2026-02-23 04:58 PM
As per the title, guys: what workflow do you recommend for costing an interior refurb project?
A wall may span different rooms (say hotel, care home, school etc) and each room along the length of the wall may have different interior finish requirements - different paint color, wallpaper instead of paint etc.
How do you tackle this? Do you recommend segmenting the wall into many walls, one each for the various rooms? What happens if the room segmentation occurs at different points along the wall's two faces?
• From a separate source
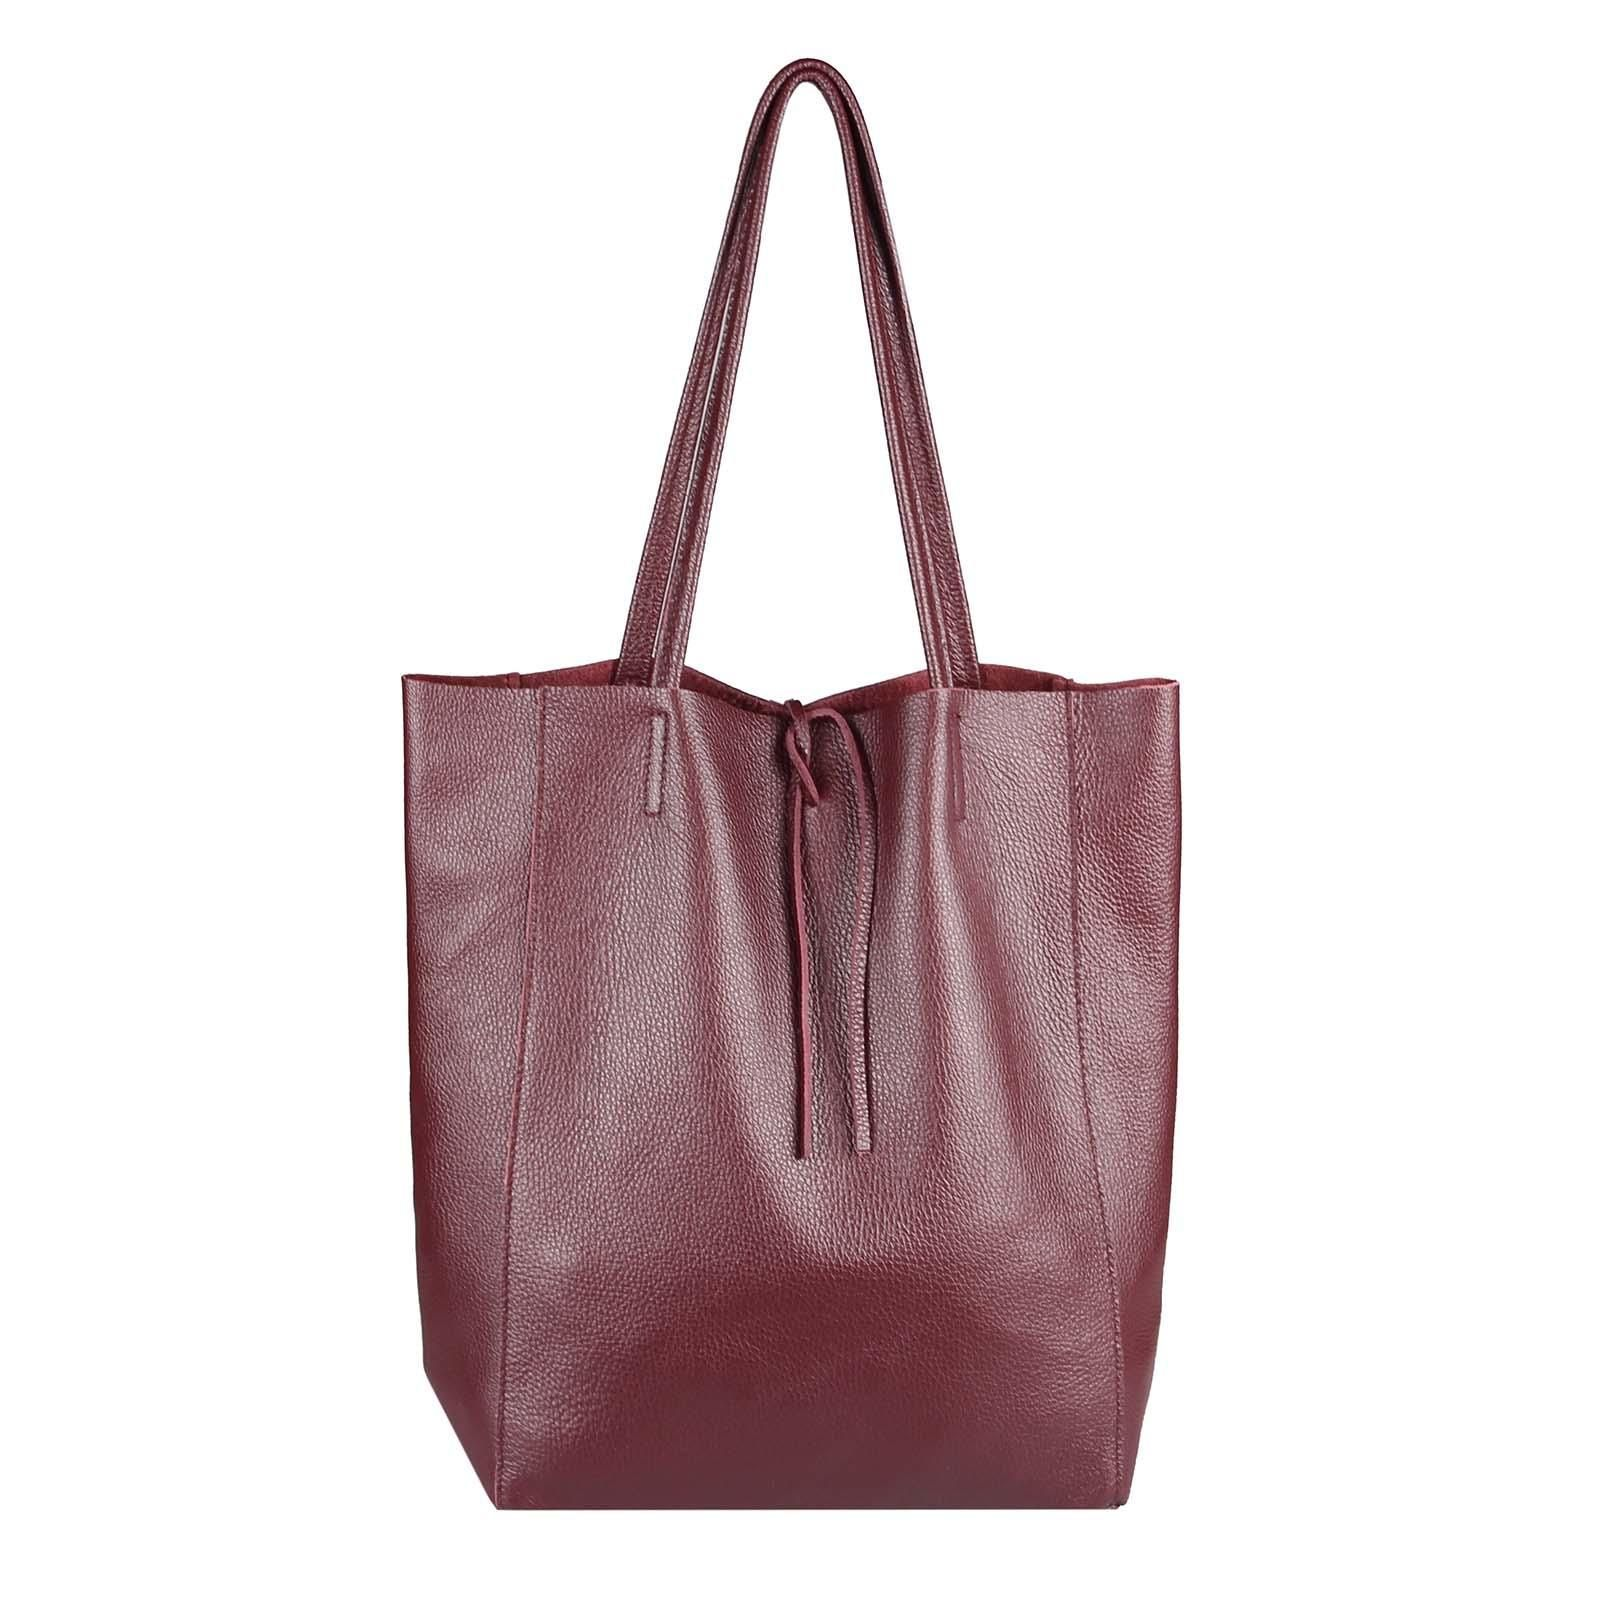 Obc Made In Italy Damen Leder Tasche Din A4 Shopper Schultertasche Henkeltasche Tote Bag M Metallic Tote Bags Leather Bag Women Vintage Leather Messenger Bag

Many thanks for all your great ideas.
2026-02-23 05:20 PM
Hi @alexliz
To quantify with that level of detail directly from the BIM model, as you say, I do think it is advisable to model the finishes separately, as there may be different heights in the same section, and with complex profiles it can sometimes be complicated.
2026-02-23 08:14 PM
I'll second ricardo's recommendation. Thats not to say you couldn't get area of plaster/drywall from composites; but there are ALWAYS going to be some fragments added in, maybe in ceiling or floor cavities, that you didn't intend to account for.
If you are trying to get accurate schedules, especially for finishes, model those finishes separately; even if it's just from the stud/structure inward. And be careful at shell/core intersections, that items are modeled precisely and cleanly. Then the wall, slab, roof elements can be scheduled, quantified, labeled and tagged with properties, etc.
...
another sort of hack work-around is to use properties applied to zones. The zone is then just an information dump, not pulling from any actual model content; but this is just a long hand way of producing a more limited version of an excel spread sheet. Most of the residential projects I work on use this method for finish schedules. It is only realyl leveraging area/volume and room name.
2026-02-23 09:46 PM
Thank you Ricardo.
2026-02-23 09:46 PM
Thank you Patrick.
2026-02-23 09:55 PM
my fall back is always to model to as much detail as you need with is as few elements is reasonable. For something like detailed interior quantities, schedules, etc.; that usually means more elements than AC throws at you out of the box.
Case in point, counters and backsplash should not be part of the cabinet elements. faucets should not be part of the sink... in your case, gyp/plaster should not be part of the wall composite
2026-02-24
05:21 AM
- last edited on
2026-02-26
02:17 AM
by
Laszlo Nagy
Late night, untested idea except for the following: minimal thickness (in sketch, 1/64" deep) Openings, which will not interfere with dimensions to core or face of wall, can be used to produce any design on the wall surface, and their area calculated. “ID contains” criteria, and systematic IDs, can help in scheduling setup too. And they can be on some specific Design Option shown only on certain 3D views and schedules.
2026-02-24 04:09 PM
For this kind of quantity take-off we generally get things from zones, rather than modelling the finishes. We need our dimensions for construction documentation without the finish, which is also part of the reason for not adding the interior finish to the composite/complex profile.
Zones have height, can be trimmed etc
The Dutch subscription library zone stamps also come standard with option for floor, wall and ceiling finish to be scheduled.
2026-02-24
07:54 PM
- last edited on
2026-02-26
02:18 AM
by
Laszlo Nagy
Hi, For these types of situations, and in relation to multiple finishes on the same wall section, I sometimes use the wall accessory that comes in the Goodies package. I assign defined surfaces to the areas I want to calculate and use an exposed surface area Schedule. I also adjust the exposed surface calculation rules by adding objects elements and linking them to a specific ID in case it's necessary to discard finishes from the walls hosting the accessory. It has its limitations, but it's very useful for walls with linear finishes. If the wall size changes, the accessory updates automatically. A wall can have an accessory on each face, and I can assign an ID to each one to identify them.
I hope this helps.
2026-02-24 10:31 PM
Thanks, Erwin.
Zones is how I had started trying to do this, as well. But it kept reporting the wall surface areas wrongly, by quite a bit (not just a little bit). In the end I gave up. See here: https://community.graphisoft.com/t5/Documentation/Zones-driving-me-insane/m-p/691081/highlight/true#...
Barry Kelly suggested using surface schedules instead of zones. While this may work in some instances, I am rather baffled as to why the zones method returns wrong sums - it would be so much simpler if it worked as anticipated. Unless - have I not understood how zones are meant to work?